Required work: "La toma de posesión" appears in one line of the records below. Output that line and each one after it, exactly, through the last line.

Records from a dataset:
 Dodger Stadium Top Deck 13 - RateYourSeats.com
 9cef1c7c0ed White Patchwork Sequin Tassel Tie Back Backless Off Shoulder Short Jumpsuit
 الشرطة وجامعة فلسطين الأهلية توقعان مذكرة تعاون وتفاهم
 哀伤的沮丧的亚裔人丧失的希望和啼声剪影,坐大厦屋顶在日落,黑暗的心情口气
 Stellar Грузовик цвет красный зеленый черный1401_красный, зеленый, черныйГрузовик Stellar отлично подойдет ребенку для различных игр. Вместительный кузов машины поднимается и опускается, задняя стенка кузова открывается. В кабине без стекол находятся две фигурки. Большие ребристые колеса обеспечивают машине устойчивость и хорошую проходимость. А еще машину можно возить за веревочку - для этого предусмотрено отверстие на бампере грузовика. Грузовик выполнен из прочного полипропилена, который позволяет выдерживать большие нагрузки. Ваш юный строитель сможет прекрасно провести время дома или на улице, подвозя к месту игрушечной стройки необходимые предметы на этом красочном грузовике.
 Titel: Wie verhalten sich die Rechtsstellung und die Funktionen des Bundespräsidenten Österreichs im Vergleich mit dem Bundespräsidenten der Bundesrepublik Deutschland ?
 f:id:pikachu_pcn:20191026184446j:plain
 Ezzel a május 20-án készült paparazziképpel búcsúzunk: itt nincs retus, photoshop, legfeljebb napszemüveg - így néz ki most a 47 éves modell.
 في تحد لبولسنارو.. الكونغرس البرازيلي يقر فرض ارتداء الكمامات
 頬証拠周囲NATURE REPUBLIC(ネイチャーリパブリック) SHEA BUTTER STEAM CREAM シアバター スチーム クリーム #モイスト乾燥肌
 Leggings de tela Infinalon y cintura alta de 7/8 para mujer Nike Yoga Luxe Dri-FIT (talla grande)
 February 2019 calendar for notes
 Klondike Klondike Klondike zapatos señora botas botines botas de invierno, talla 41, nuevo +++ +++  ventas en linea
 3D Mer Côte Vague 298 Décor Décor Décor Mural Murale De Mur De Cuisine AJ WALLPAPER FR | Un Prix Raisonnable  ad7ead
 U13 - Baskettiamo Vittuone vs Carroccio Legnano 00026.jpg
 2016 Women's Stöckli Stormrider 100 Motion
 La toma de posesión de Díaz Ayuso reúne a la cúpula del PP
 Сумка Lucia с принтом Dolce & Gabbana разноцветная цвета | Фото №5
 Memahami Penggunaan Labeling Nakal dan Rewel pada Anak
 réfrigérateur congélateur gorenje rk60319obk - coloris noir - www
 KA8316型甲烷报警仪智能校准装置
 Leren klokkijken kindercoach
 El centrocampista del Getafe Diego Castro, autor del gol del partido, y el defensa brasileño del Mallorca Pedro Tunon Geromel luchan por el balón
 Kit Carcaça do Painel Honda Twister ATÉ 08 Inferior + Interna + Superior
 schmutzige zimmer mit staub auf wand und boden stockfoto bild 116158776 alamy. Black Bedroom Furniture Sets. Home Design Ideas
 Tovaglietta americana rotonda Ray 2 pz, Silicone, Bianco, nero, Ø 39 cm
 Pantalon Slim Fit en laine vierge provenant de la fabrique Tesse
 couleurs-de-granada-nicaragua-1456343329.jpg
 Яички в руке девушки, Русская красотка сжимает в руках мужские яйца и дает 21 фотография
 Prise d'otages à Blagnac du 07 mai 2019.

Answer box:
 La toma de posesión de Díaz Ayuso reúne a la cúpula del PP
 Сумка Lucia с принтом Dolce & Gabbana разноцветная цвета | Фото №5
 Memahami Penggunaan Labeling Nakal dan Rewel pada Anak
 réfrigérateur congélateur gorenje rk60319obk - coloris noir - www
 KA8316型甲烷报警仪智能校准装置
 Leren klokkijken kindercoach
 El centrocampista del Getafe Diego Castro, autor del gol del partido, y el defensa brasileño del Mallorca Pedro Tunon Geromel luchan por el balón
 Kit Carcaça do Painel Honda Twister ATÉ 08 Inferior + Interna + Superior
 schmutzige zimmer mit staub auf wand und boden stockfoto bild 116158776 alamy. Black Bedroom Furniture Sets. Home Design Ideas
 Tovaglietta americana rotonda Ray 2 pz, Silicone, Bianco, nero, Ø 39 cm
 Pantalon Slim Fit en laine vierge provenant de la fabrique Tesse
 couleurs-de-granada-nicaragua-1456343329.jpg
 Яички в руке девушки, Русская красотка сжимает в руках мужские яйца и дает 21 фотография
 Prise d'otages à Blagnac du 07 mai 2019.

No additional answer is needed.